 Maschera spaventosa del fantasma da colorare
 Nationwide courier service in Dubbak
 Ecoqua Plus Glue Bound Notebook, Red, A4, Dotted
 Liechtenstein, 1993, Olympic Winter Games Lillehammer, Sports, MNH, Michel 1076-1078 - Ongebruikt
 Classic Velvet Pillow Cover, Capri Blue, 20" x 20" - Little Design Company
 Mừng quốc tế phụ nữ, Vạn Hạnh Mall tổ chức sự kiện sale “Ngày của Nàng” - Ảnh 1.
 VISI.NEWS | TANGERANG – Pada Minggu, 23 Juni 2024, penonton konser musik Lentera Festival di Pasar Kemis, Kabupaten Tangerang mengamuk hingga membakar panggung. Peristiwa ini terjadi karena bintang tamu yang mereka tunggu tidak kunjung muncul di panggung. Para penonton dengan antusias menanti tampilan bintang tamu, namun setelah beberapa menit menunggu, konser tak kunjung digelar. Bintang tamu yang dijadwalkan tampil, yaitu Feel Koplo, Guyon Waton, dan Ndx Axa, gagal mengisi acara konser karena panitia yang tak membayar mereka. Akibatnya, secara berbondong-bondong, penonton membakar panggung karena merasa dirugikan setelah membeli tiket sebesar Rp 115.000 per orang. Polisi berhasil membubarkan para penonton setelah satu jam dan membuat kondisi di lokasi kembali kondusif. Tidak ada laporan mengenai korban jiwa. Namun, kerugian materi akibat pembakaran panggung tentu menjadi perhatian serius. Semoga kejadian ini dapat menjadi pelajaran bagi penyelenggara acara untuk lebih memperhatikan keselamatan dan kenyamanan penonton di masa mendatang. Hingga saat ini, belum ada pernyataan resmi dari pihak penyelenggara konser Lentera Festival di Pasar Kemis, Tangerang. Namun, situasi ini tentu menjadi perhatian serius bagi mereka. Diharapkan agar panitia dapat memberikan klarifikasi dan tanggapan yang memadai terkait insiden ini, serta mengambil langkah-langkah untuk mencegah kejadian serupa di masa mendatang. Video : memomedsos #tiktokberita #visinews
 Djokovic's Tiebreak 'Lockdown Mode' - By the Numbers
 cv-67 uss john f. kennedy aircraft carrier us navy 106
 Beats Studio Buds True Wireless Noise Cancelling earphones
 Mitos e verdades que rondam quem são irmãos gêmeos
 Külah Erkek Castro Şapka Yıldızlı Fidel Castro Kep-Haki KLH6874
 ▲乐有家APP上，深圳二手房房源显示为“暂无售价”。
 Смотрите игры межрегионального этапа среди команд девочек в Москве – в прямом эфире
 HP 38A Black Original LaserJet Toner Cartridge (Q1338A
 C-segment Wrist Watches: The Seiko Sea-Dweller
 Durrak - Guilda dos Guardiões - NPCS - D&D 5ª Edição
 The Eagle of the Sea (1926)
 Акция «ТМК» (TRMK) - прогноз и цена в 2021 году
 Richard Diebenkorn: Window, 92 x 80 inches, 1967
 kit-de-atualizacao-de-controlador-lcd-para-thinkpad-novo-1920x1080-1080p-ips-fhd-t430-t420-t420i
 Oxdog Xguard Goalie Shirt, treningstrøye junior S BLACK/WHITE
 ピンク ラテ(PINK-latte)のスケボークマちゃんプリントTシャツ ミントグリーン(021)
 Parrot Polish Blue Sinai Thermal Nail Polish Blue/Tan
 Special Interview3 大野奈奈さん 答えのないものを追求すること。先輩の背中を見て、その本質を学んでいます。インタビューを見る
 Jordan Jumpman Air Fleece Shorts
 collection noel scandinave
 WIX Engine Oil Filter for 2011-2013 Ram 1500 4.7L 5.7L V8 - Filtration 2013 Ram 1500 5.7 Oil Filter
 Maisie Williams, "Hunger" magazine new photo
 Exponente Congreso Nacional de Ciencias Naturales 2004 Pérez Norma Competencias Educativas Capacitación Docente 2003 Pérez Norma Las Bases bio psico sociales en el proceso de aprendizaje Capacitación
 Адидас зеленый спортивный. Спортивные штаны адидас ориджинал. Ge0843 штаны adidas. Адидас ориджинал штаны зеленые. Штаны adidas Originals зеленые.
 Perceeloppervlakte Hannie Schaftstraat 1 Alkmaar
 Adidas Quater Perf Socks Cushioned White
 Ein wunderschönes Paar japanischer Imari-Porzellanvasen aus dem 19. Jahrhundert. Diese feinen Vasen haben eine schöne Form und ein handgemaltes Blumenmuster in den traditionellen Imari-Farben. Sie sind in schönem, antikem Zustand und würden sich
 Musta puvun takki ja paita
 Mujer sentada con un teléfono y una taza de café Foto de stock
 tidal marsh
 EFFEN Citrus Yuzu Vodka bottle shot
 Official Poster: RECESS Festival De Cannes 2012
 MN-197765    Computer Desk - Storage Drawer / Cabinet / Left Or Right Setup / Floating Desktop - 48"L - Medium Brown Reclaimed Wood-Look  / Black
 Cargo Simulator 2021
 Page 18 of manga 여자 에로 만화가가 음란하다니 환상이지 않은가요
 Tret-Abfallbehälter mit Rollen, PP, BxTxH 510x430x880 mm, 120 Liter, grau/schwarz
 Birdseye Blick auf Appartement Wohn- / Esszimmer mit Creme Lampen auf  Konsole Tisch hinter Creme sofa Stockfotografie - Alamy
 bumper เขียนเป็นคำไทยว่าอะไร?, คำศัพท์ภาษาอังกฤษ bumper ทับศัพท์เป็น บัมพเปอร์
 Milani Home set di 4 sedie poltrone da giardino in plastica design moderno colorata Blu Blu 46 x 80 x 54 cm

» **What is required**
Beginning with the very first line of the material, please return exactly each line down to and including the one with "Mừng quốc tế".

» **Task result**
 Maschera spaventosa del fantasma da colorare
 Nationwide courier service in Dubbak
 Ecoqua Plus Glue Bound Notebook, Red, A4, Dotted
 Liechtenstein, 1993, Olympic Winter Games Lillehammer, Sports, MNH, Michel 1076-1078 - Ongebruikt
 Classic Velvet Pillow Cover, Capri Blue, 20" x 20" - Little Design Company
 Mừng quốc tế phụ nữ, Vạn Hạnh Mall tổ chức sự kiện sale “Ngày của Nàng” - Ảnh 1.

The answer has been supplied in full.